Parenti e amici pensavano fosse una vecchia pazza incapace di comunicare col mondo. Ma per noi era ben diverso.
Quando nostra madre era in attesa di Lidia, la Zita veniva da me e chiedeva sorridendo: «Andivin’ andivinella: dove sta la tua sorella? Sta di qua? Sta di là? Andivina dove sta? »
Poi andava da mamma e carezzandole il pancione canticchiava: «Patanella, patanè, pe’ la casa quatt’uocchje, quatt’ recchie e duje nase!». E l’abbracciava felice, e nostra madre finiva sempre per commuoversi.
La Zita pativa una fame atavica. Mangiava più di tutti noi, chiedeva cibo di continuo, tant’è che si dovettero mettere dei chiavistelli ad ante, porte e cassetti della cucina. Così la Zita per dispetto girava ululante per la casa come un cane bastonato a salmodiare stornelli. «Tuosto e lisce ll’acalaje; càvero e muscio ll’aizaje; ’ncuorpo màmmeta s’ ‘o chiavaje. ’O maccaruuun’!». Oppure: «Mannaggia ’a marina, pé mmezz’ ‘e Giacchino, s’è rrutto ’o cuppino, e nun pòzzo magnà».
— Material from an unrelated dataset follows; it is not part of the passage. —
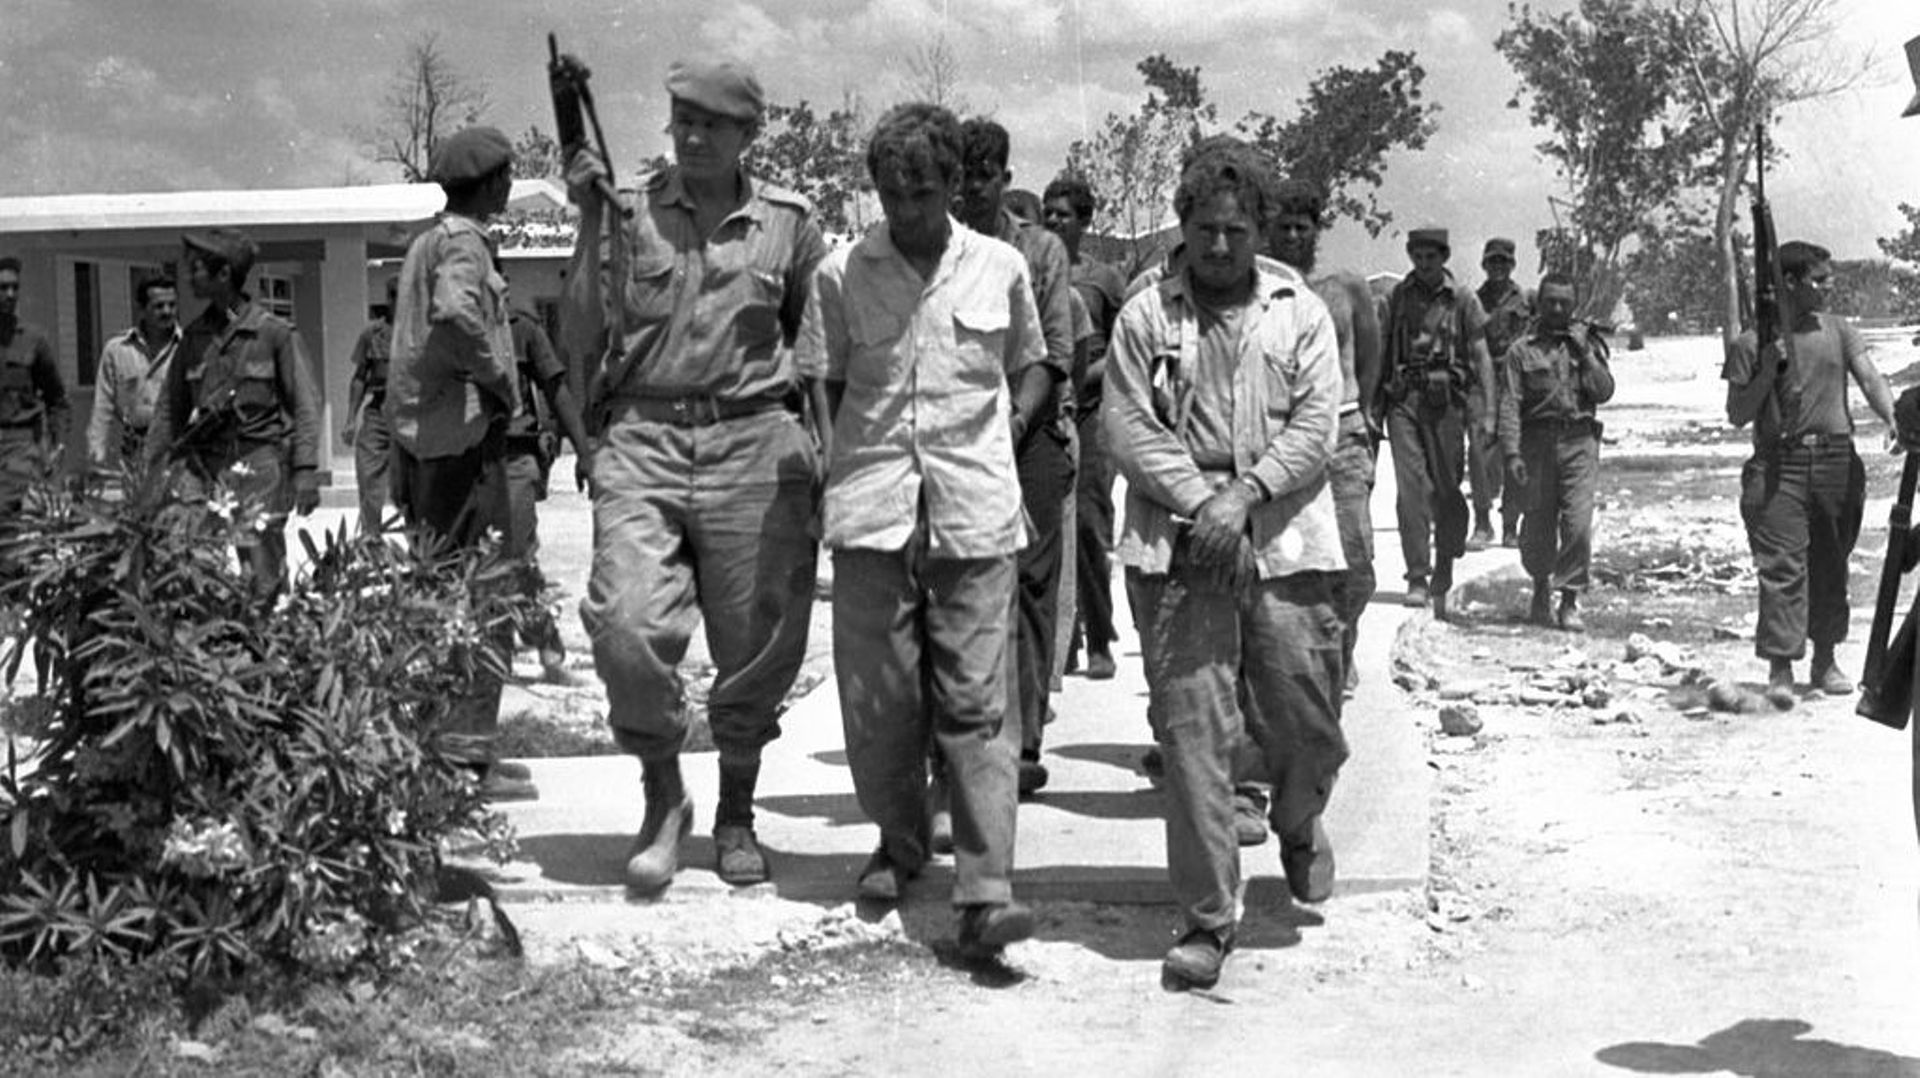 Plus de 1200 'mercenaires' cubains, opposés au régime de Fidel Castro, sont faits prisonniers par l’armée cubaine.
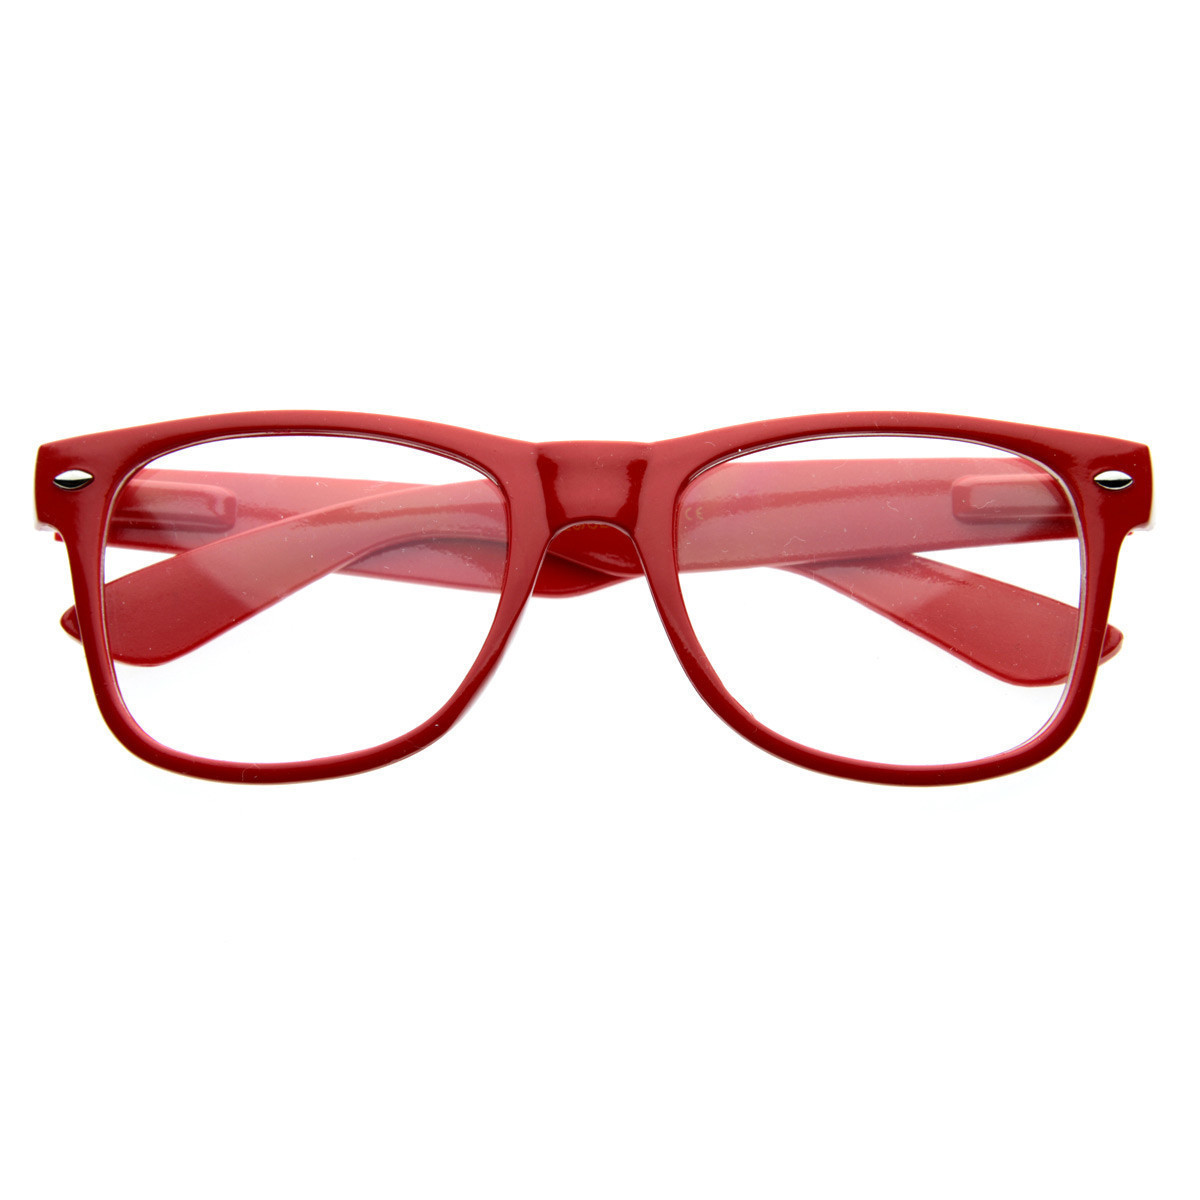 Vintage Inspired Eyewear Original Geek Nerd Clear Lens Horned Rim Glasses - 2874 - Tortoise

E contro nostra madre: «Storta, picoscia, tién’ ‘e ccosce mosce mosce e sott’ ‘o suttanino tién’ ‘o scoglio ’e Margellina!»
A questo punto mamma sbottava: «Zita, finiscila di fare la pazza, non serve a niente, hai mangiato già e mò aspetti, capito?»
E lei con la faccia malupina: «A pazze e a piccerille Dio l’aiuta!», poi prendeva una cucchiarella e la sbatteva contro i mobili della cucina. Mamma con una santa pazienza: «E va bene, ma uno solo, e poi fai la brava».
Lei smetteva e con il pizzo a riso: «Com’è lu sbirro, accossì è lo funiciello».
E si mangiava con aria soddisfatta il suo sudato biscotto.
Ilaria Introna
Sono nata a Napoli, dove vivo, il 22 aprile 1972. La Zita è il primo racconto che invio a una rivista: si ispira al cosiddetto "realismo magico", che nel meridione d'Italia ha avuto diversi esempi illustri. È un racconto al quale sono molto affezionata e ho in progetto di farlo diventare un piccolo libro illustrato; perché è di questo che mi occupo, illustrare libri. La scrittura è un interesse segreto e sotterraneo che ho portato alla luce solo negli ultimi anni.
La sera nostro padre tornava dal lavoro e la Zita tutte le volte lo salutava: «Stracque, strutto e co la cesta rotta!»Una sera nostro padre rientrò più tardi. Aveva lo sguardo distratto, alle chiacchiere di mamma rispondeva a monosillabi, e mentre Lidia faceva i capricci perché non voleva mangiare io guardavo perplesso la Zita.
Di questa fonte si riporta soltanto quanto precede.